Conclusion and Recap [00:87:30]

I told you that we are in production with three new Blackwells. Not only is the Grace Blackwell supercomputers, NVLink72s in production all over the world, we now have three new Blackwell systems in production. One amazing AI, foundational world model, the world's first Physical AI foundation model. It's open, available to activate the world's industries of robotics and such. And three robots. We're working on Agentic AI, humanoid robots, and self-driving cars.

It's been an incredible year. I want to thank all of you for your partnership. Thank all of you for coming. I made you a short video to reflect on last year and look forward to the next year. Play please.

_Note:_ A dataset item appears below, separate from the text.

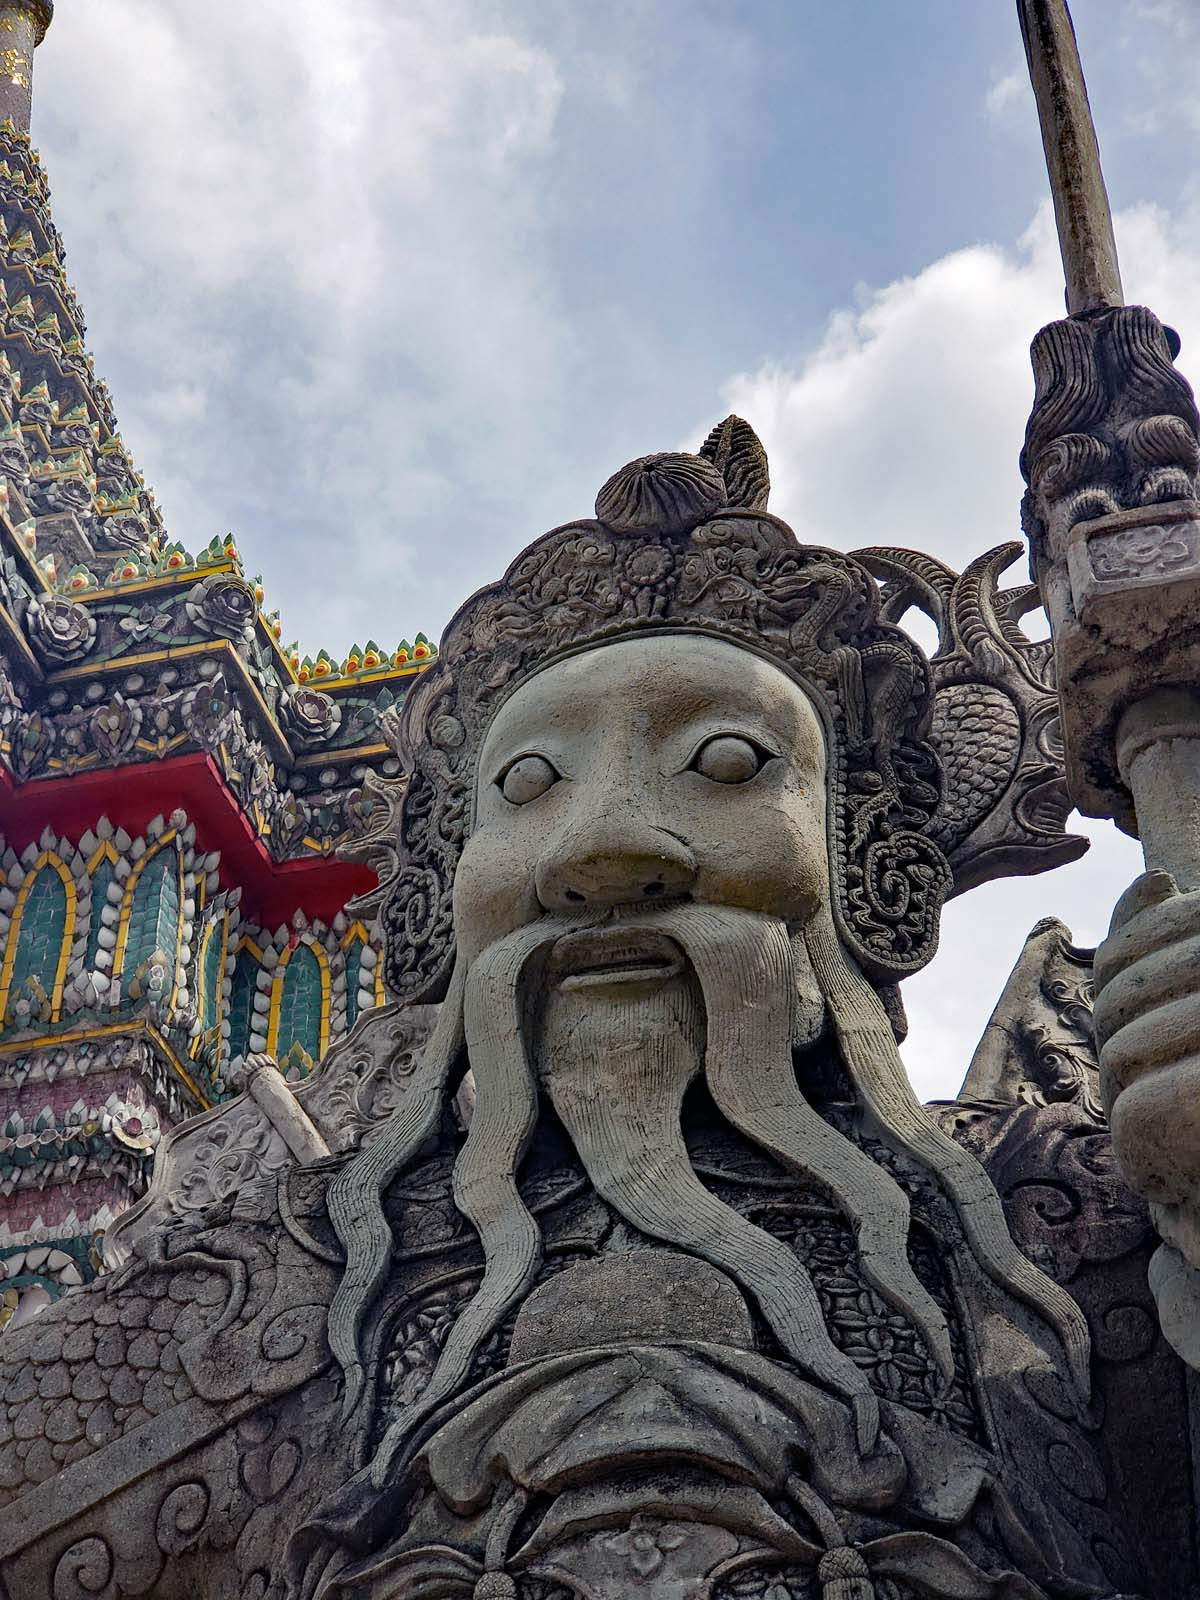 Warrior statue at Wat Pho

Concluding Video Montage [00:88:24]

(The video shows a fast-paced montage recapping the technologies and applications discussed, including NVIDIA ACE for digital humans, RTX Blackwell GPUs, BMW Group's manufacturing, Black Forest Labs' AI-generated cities, NVIDIA Blackwell supercomputers, Project DIGITS, Siemens simulations, KION Group and Accenture's warehouse automation, Rockwell Automation, Delta Electronics, Wistron, NVIDIA Tokkio, Omniverse, Cosmos, NVIDIA DRIVE, NVIDIA Earth-2, human-robot interaction with Foxconn, Innoactive, and Volkswagen, Nissan's design process, and simulations with Cadence and Luminary Cloud.)